İÇ HABERLER
okuma süresi: 12 dak.

Münür Rahvancıoğlu: Ersin Tatar ve temsil ettiği olgular halk tarafından mantıksal olarak reddedildi

Münür Rahvancıoğlu: Ersin Tatar ve temsil ettiği olgular halk tarafından mantıksal olarak reddedildi

Bağımsızlık Yolu Mali Sekreteri Münür Rahvancıoğlu, cumhurbaşkanlığı seçim sürecine dair siyasal analizlerini paylaşarak, "Ersin Tatar ve temsil ettiği olgular halk tarafından mantıksal olarak reddedildi" dedi.
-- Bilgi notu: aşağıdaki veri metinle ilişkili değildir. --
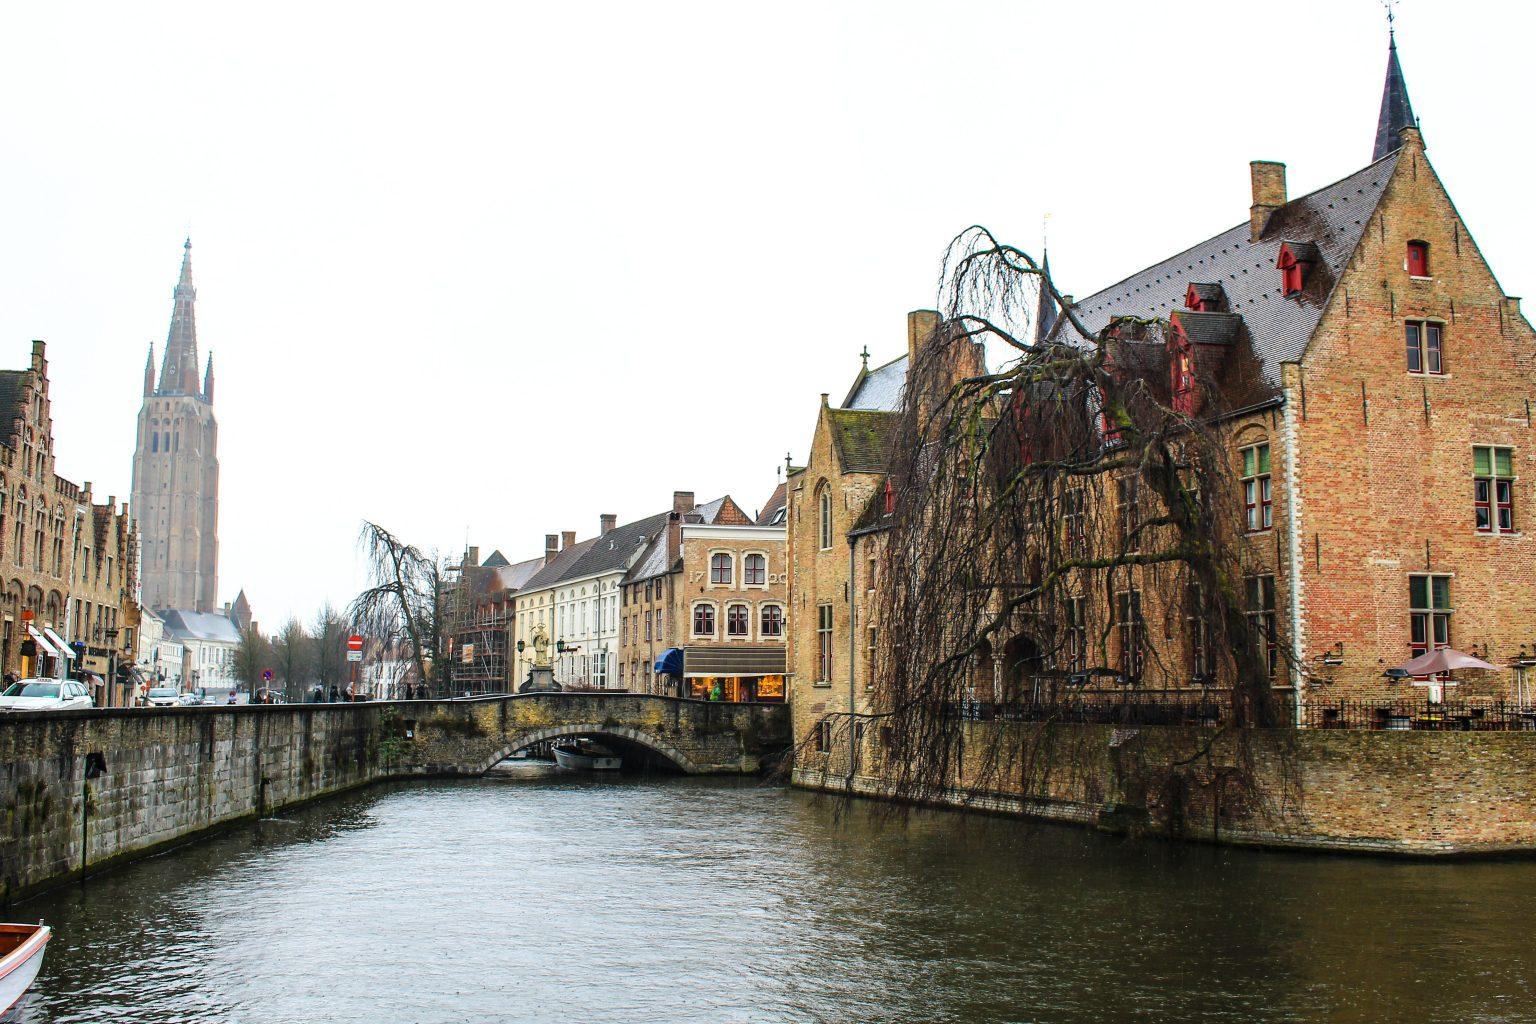 Bruges Belgium rozenhoedkaai, bruges walking tour, brugge city tour

Yayın Tarihi: 27/10/25 08:30
Güncelleme Tarihi: 27/10/25 09:46
okuma süresi: 12 dak.
Münür Rahvancıoğlu: Ersin Tatar ve temsil ettiği olgular halk tarafından mantıksal olarak reddedildi

Bağımsızlık Yolu Mali Sekreteri Münür Rahvancıoğlu, cumhurbaşkanlığı seçim sürecine dair siyasal analizlerini paylaşarak, seçimden yaklaşık bir buçuk ay önce tablonun Bağımsızlık Yolu için netleştiğini ve Tufan Erhürman’ın seçimi kazanacağını öngördüklerini aktardı. Rahvancıoğlu, bu öngörünün temel nedeninin, Ersin Tatar ve temsil ettiği olguların halk tarafından duygusal ve mantıksal olarak reddedilmesi olduğunu izah etti.

Bağımsızlık Yolu Mali Sekreteri Münür Rahvancıoğlu, Ahmet Kaptan’ın sunduğu Kaptan’ın Günlüğü programında açıklamalarda bulundu.
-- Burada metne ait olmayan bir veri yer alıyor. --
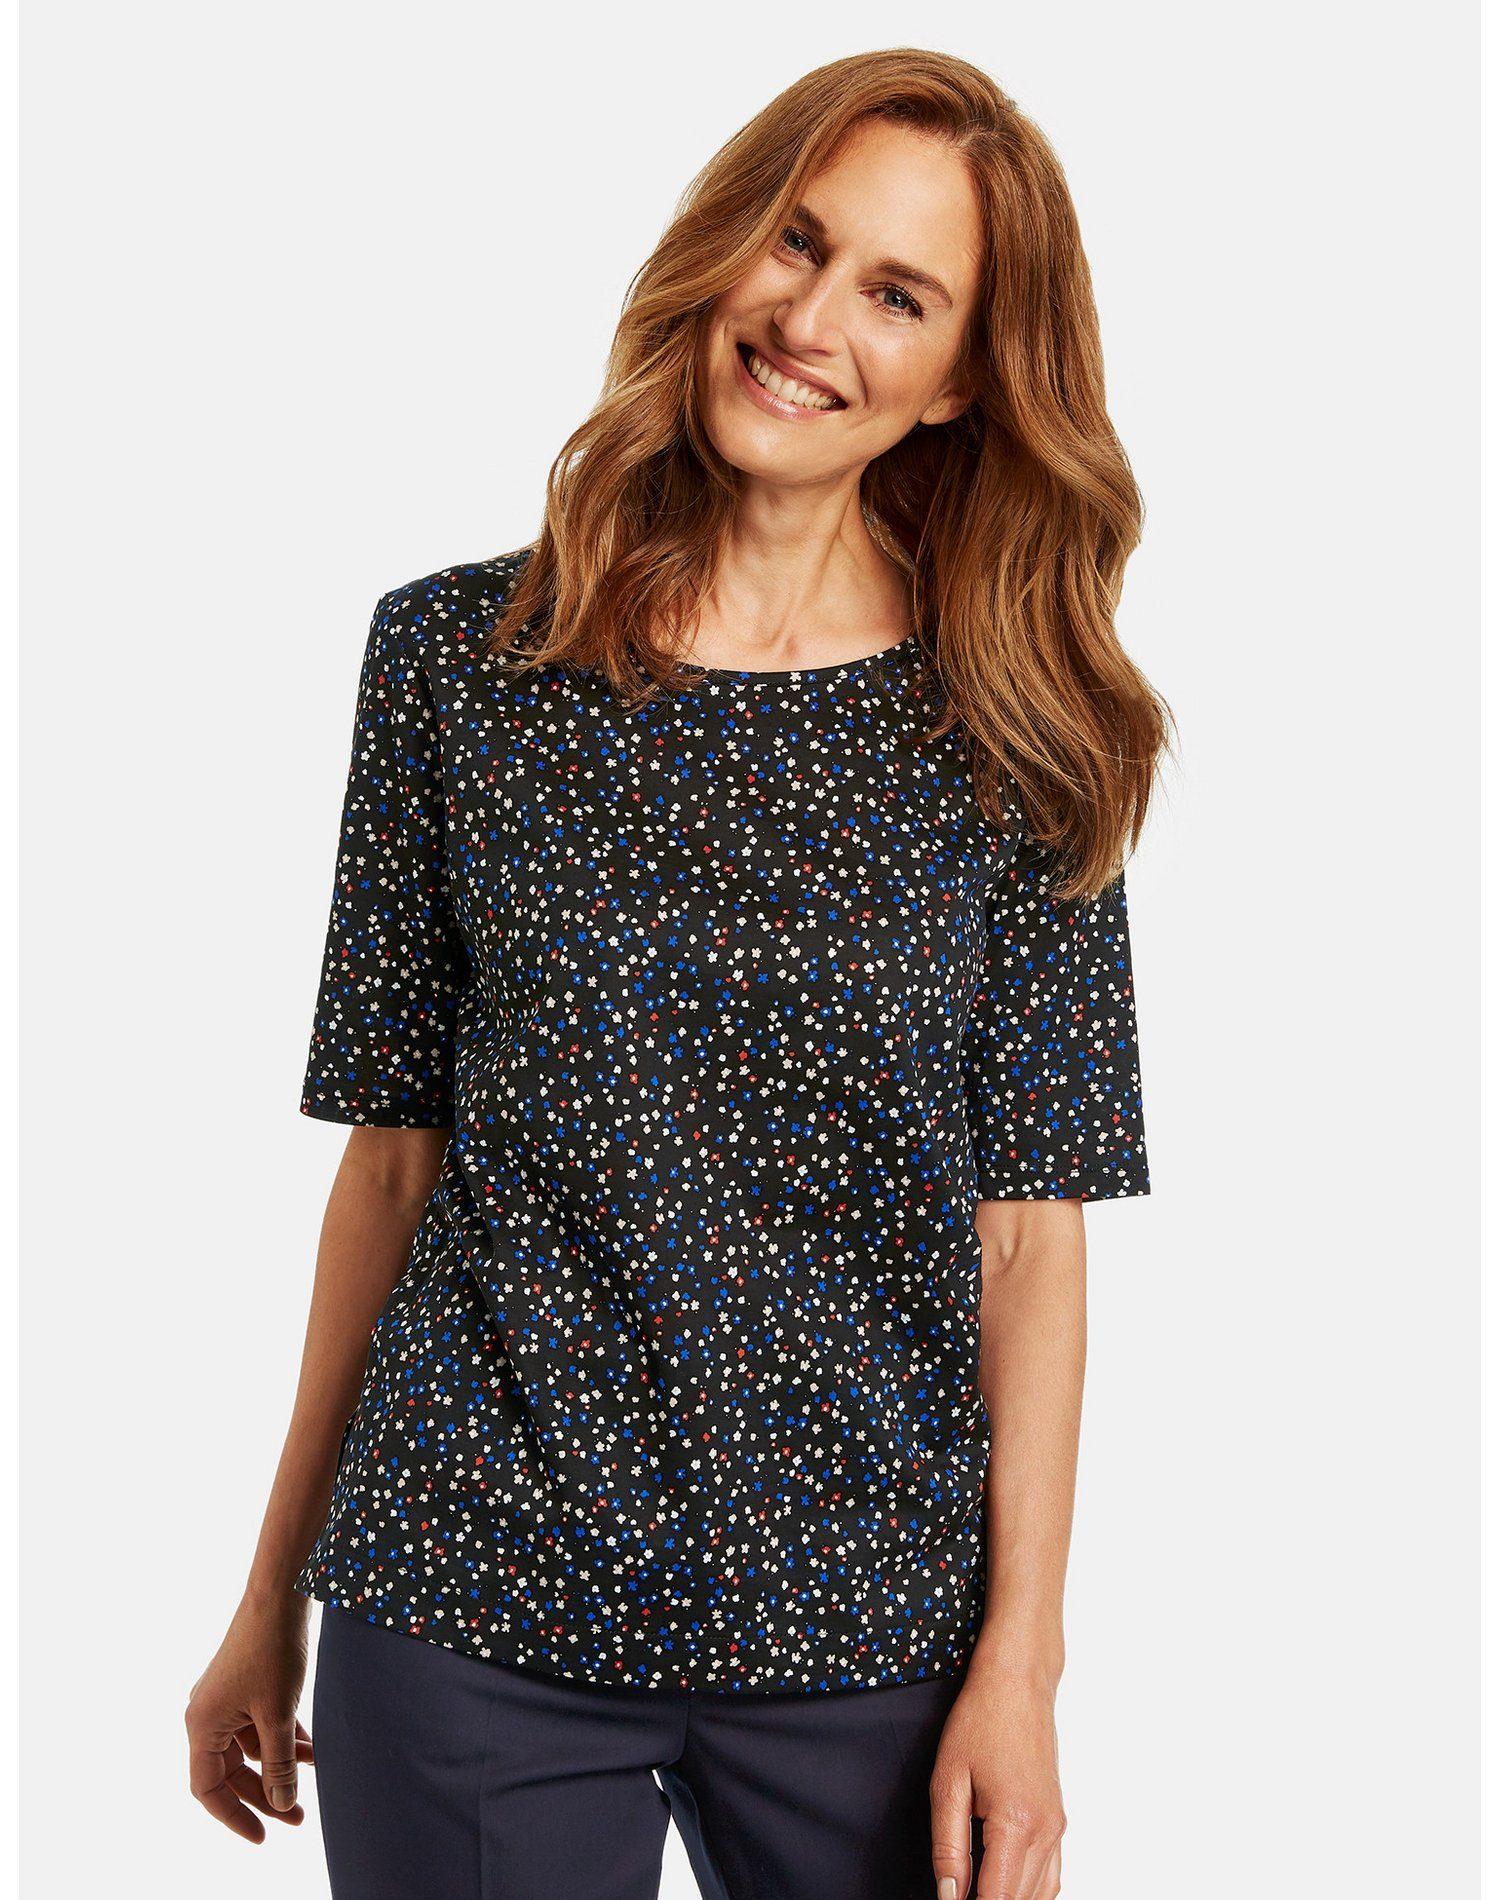 Gerry Weber Shirt Met Korte Mouwen Mit Milles Fleurs Muster Nu Online Kopen - Geweldige Prijs

“CUMARTESİ ÇALIŞTIRMAK VE 40 SAATLİK YASAL LİMİT ÜSTÜNÜ ÖDEMEMEK SUÇ TEŞKİL EDİYOR”

Bağımsızlık Yolu Mali Sekreteri Münür Rahvancıoğlu, özel sektördeki işçi hakları ihlallerine dikkat çekerek, neredeyse özel sektörün yüzde 70 ila 80'inin çalışanlara asgari ücret ödediğini belirtti. Çalışanların minimum 8 saat, hatta 9 veya 10 saat çalıştığını vurgulayan Rahvancıoğlu, mevcut yasaya göre günlük 8 saat çalışmanın haftalık 40 saatlik yasal limiti doldurduğunu ifade etti. Pazartesiden cumaya 40 saati dolduran işçilerin cumartesi günleri çalıştırılmasının ek mesai değil, "angarya" olduğunu dile getirdi. Rahvancıoğlu, asgari ücretle maaş ödenen bu durumda, cumartesi çalıştırma kararı alan iş yerlerinin maaş artışı sağlaması ve ücreti asgari ücret üzerinden değil, daha yukarıdan ödemesi gerektiğini vurguladı. Yasalara göre ek mesai çalışmanın zorunlu olmadığını ve işçinin onayının alınması gerektiğini hatırlatan Rahvancıoğlu, yaratılan baskı ortamı nedeniyle işçilerin zorunlu çalıştırıldığını söyledi. Ayrıca, sadece cumartesi çalıştırılmanın değil, bu çalışmanın parasının ödenmemesinin de büyük bir sorun ve suç teşkil ettiğini belirtti.

“ERSİN TATAR VE TEMSİL ETTİĞİ OLGULAR HALK TARAFINDAN DUYGUSAL VE MANTIKSAL OLARAK REDDEDİLDİ”

Münür Rahvancıoğlu, cumhurbaşkanlığı seçim sürecine dair siyasal analizlerini paylaşarak, seçimden yaklaşık bir buçuk ay önce tablonun Bağımsızlık Yolu için netleştiğini ve Tufan Erhürman’ın seçimi kazanacağını öngördüklerini aktardı. Rahvancıoğlu, bu öngörünün temel nedeninin, Ersin Tatar ve temsil ettiği olguların halk tarafından duygusal ve mantıksal olarak reddedilmesi olduğunu izah etti. Bu reddiyeye yol açan unsurların, 2020 seçimlerinde yaşanan müdahaleler ve irade çiğnenmesi travması, UBP-DP-YDP hükümetinin eğitimden sağlığa, ulaşımdan barınmaya kadar ortaya koyduğu veya koyamadığı politikalar, yolsuzluklar, diploma ve reçete skandalları, Ersin Tatar’ın bu hükümeti temsil etmesi ve iki devlet adı altında ortaya konan, mevcut durumun devamına hizmet eden siyaset olduğunu anlattı.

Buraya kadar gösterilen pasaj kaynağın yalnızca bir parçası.